It’s also explained that while C has both a hardware and software solution to achieving PCM, Python only has the less accurate software solution available.
The circuit is very simple, just a LED connected from GPIO18 back to ground in series with a 220 Ohm resistor. The GPIO code has the usual setup section, setting the pin to output mode and giving an initial LOW level to turn off the LED (still not sure which way round this is half the time.) This bit of code p = GPIO.PWM(LedPin, 500) sets the frequency to 500Hz, gives a nice smooth transition from bright to dim, reducing it a lot gives a very noticeable flicker. Then a while True loop uses two for loops which incrementally increases the range from 0 to 100 and then back again with a ChangeDutyCycle() function.
GPIOZero imorts a PWMLED function and essentially does the same thing. There is a difference in how the values are handled in this loop:
for b in range(0, 101, 1): # make led brighter
led.value = b / 100.0 # set dc value as the duty cycle
time.sleep(0.01)
I wasn’t sure why the value in the loop was being divided by 100, so by tweaking the values I discovered that the number given for led.value must be between 0 and 1 or it crashes the program, so it’s just catering for that.
Processing handles things quite differently, and changes the output pin form GPIO18 to GPIO17 for some reason. This is confusing as 18 seems to be the dedicated PWM on the Pi, and along with the processing script there is a class on a second tab called SOFTPWM which is called on the main sketch, which designates pin 17 as the PWM pin, and the code within can set any pin as a PWM (including 18!!!) I don’t yet understand why it doesn’t just use 18 and take advantage of the Pi’s hardware.
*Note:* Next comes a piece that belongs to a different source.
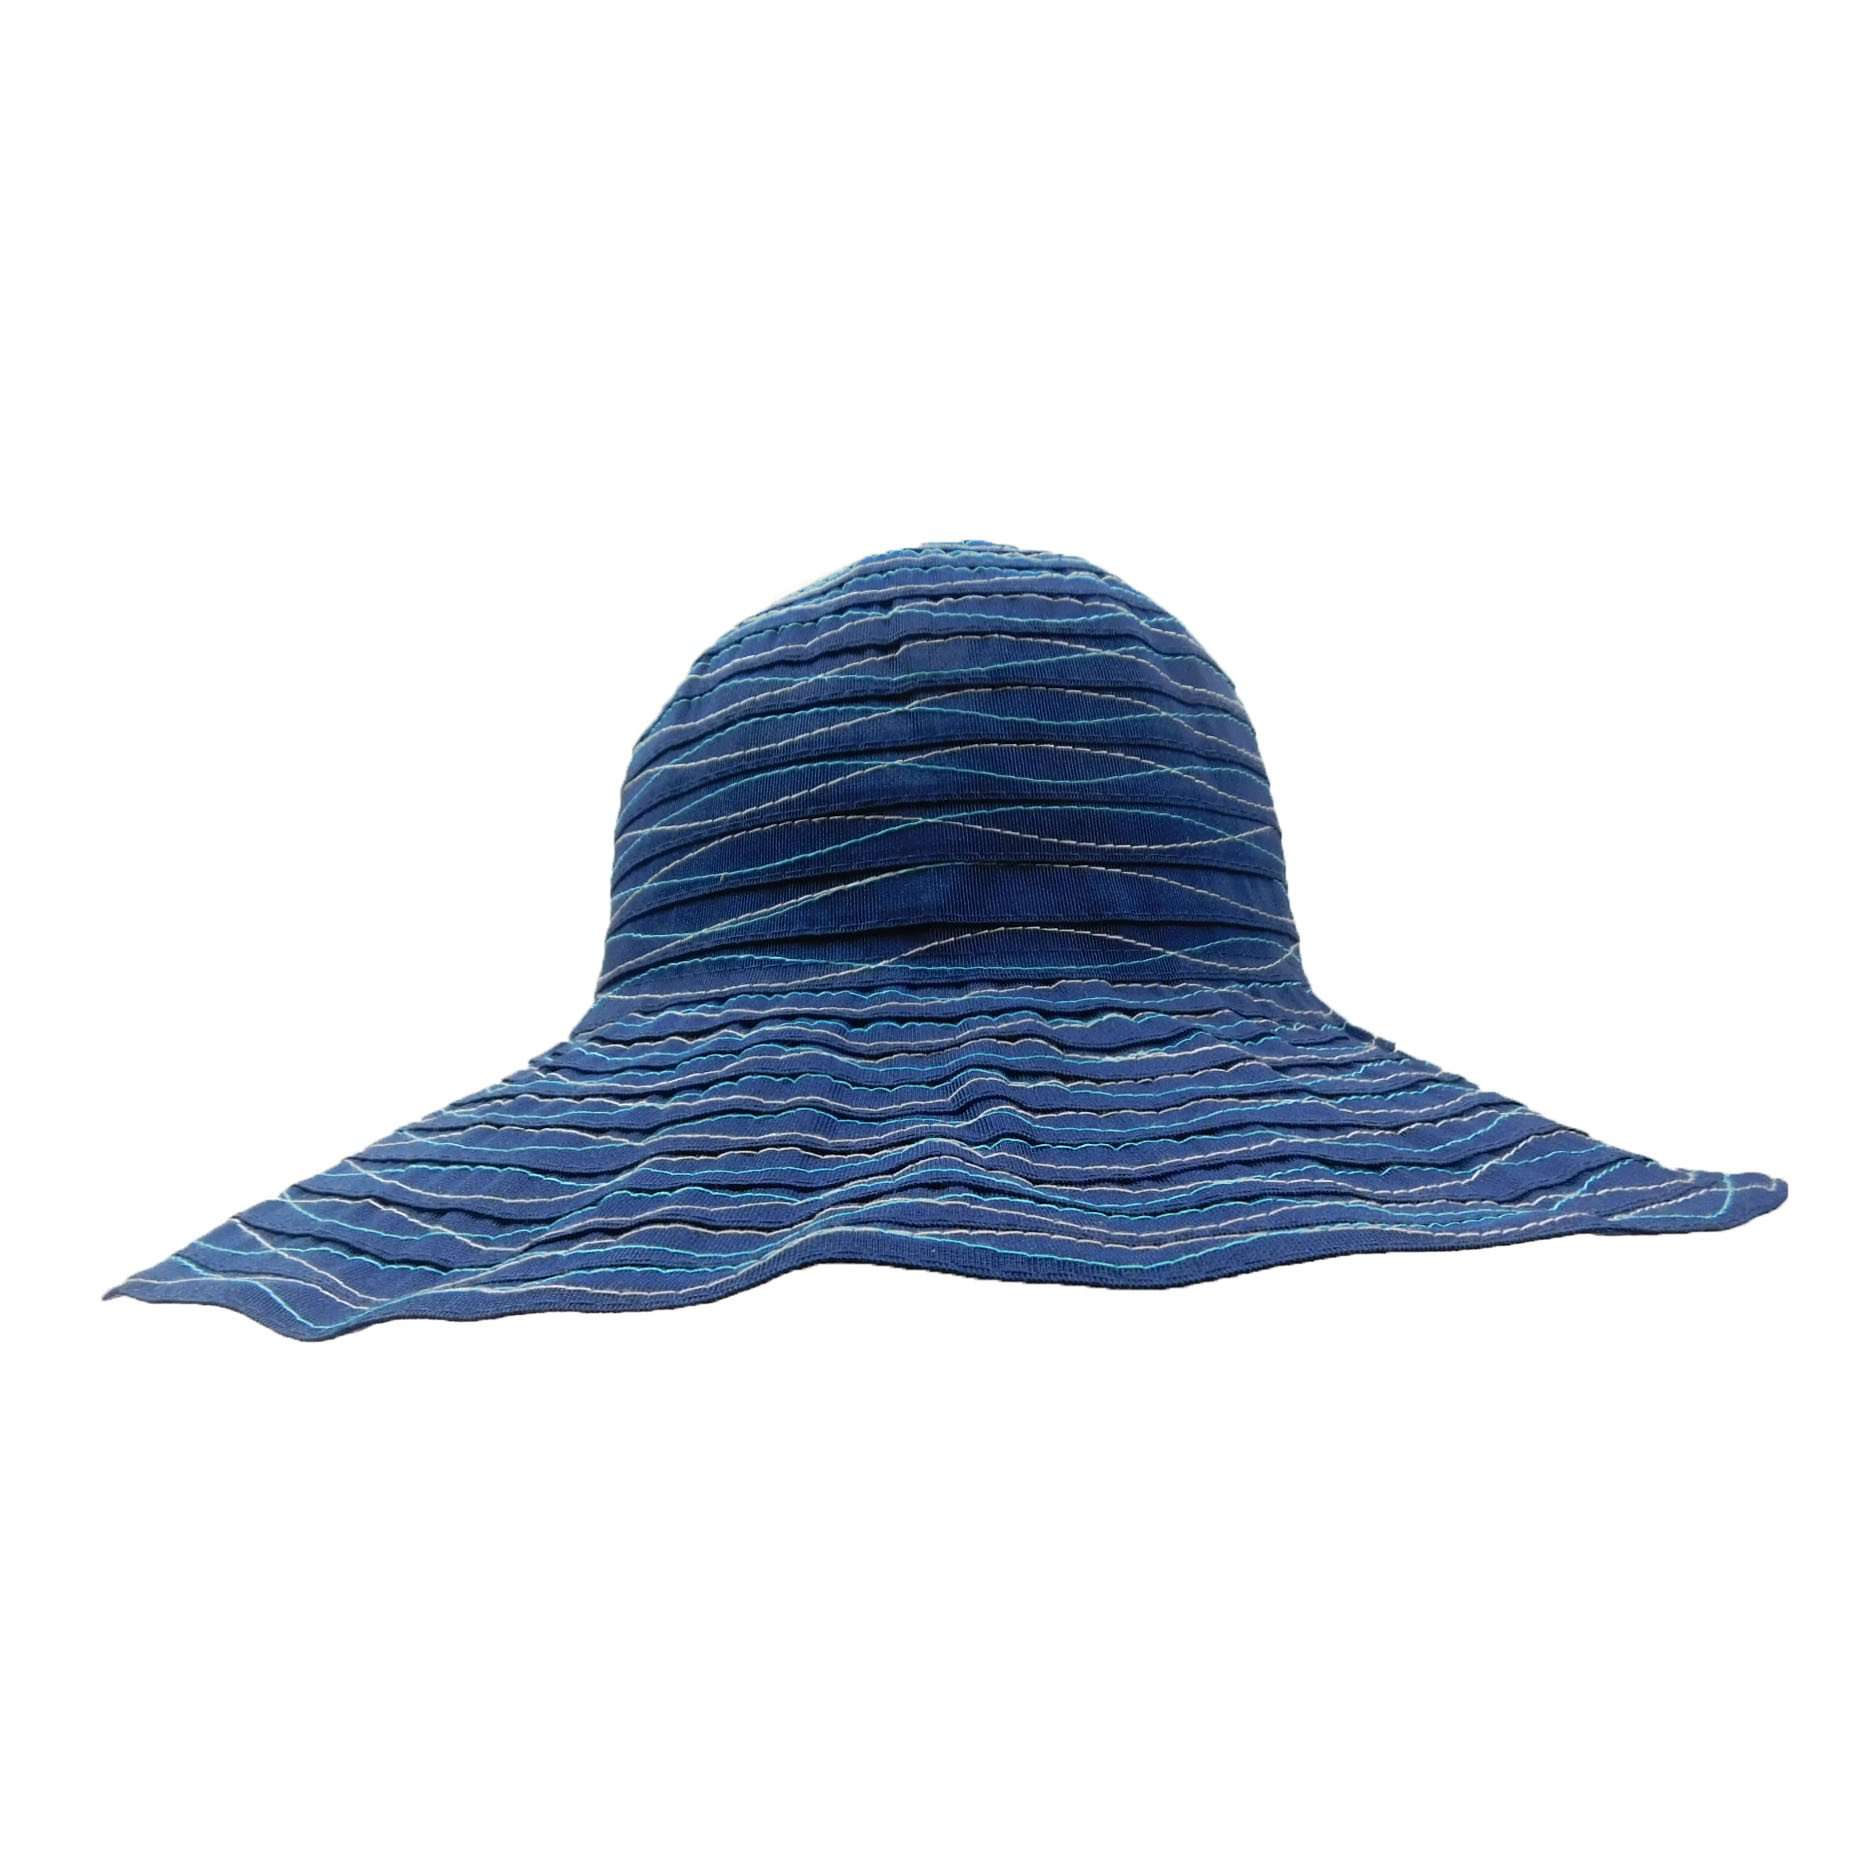 Shapeable Ribbon Floppy with Wavy Stitching, Floppy Hat - SetarTrading Hats

As an on-screen sketch the Processing version draws a circle which turns a brighter red as the LED brightens, and a bar with a slider which counts from left to right in time with it as well. Left alone these will cycle from dark to bright by themselves, but if the mouse is moved over the bar the horizontal position will control the LED brightness. Since this is the first sketch which gets a bit complex, I’ll do a step by step review of the code since I’m a bit rusty on aspects of Processing:
Pre setup, processing.io is imported, the key variables are initialised and an instance of SOFTPWM() is called with SOFTPWM p = new SOFTPWM(ledPin, 10, 100) These 3 arguments passed in designate pin 17 as the PWM pin, and set the duty cycle and period. The function corresponding in the class is SOFTPWM(int iPin, int dc, int pwmRange) I don’t understand the class code well enough yet, but both the int dc and int pwmRange get multiplied by 100,000 in there possibly as we’re dealing with very small increments of voltage and frequency. The draw loop has an if/else statement which in the case of mousePressed reads the position of mouseX, and uses map() to produce a value between one 1 and 0, stored as variable t. This value is fed into the p.softPwmWrite() function from the SOFTPWM() class and sets the brightness of the LED. It is then used to set the fill colour of the ellipse, by altering the value of the green and blue parameters while leaving the red at full strength 255. A progress bar is drawn, with t used to set the x position of the end point. Finally a counter is printed above the progress bar showing the percentage brightness by multiplying t by 100, and nf() is used to format the numbers into a string to be printed on screen. PushMatrix() and popMatrix are used after the ellipse is draw, to present the bar graphics. I assume this is to prevent weird behaviour of the animated elements on the canvas, but I notice the sketch works fine without them anyway.
If mousePressed isn’t active, the initial draw loop activates the else scenario, which simply increments t steadily and resets it to 0 when it reaches 1, so the animation and LED brightness just loop endlessly.
05_1_1 ColourfulLED
This circuit introduces a RGB LED, capable of mixing the 3 primary colours of light to produce theoretically any colour. It has 4 pins – 1 common anode (longest) and three others as cathodes for each primary each connected back through a 220 Ohm resistor to a pin. GPIO sets up similar to before, except 3 pins are designated as outputs and assigned t each leg of the LED. A random module is imported, and in the main while True loop a value between 0 and 100 is picked for each colour, and by calling a setColor function these are written to the LED with ChangeDutyCycle(). Using sleep() a one second delay is used until the next change.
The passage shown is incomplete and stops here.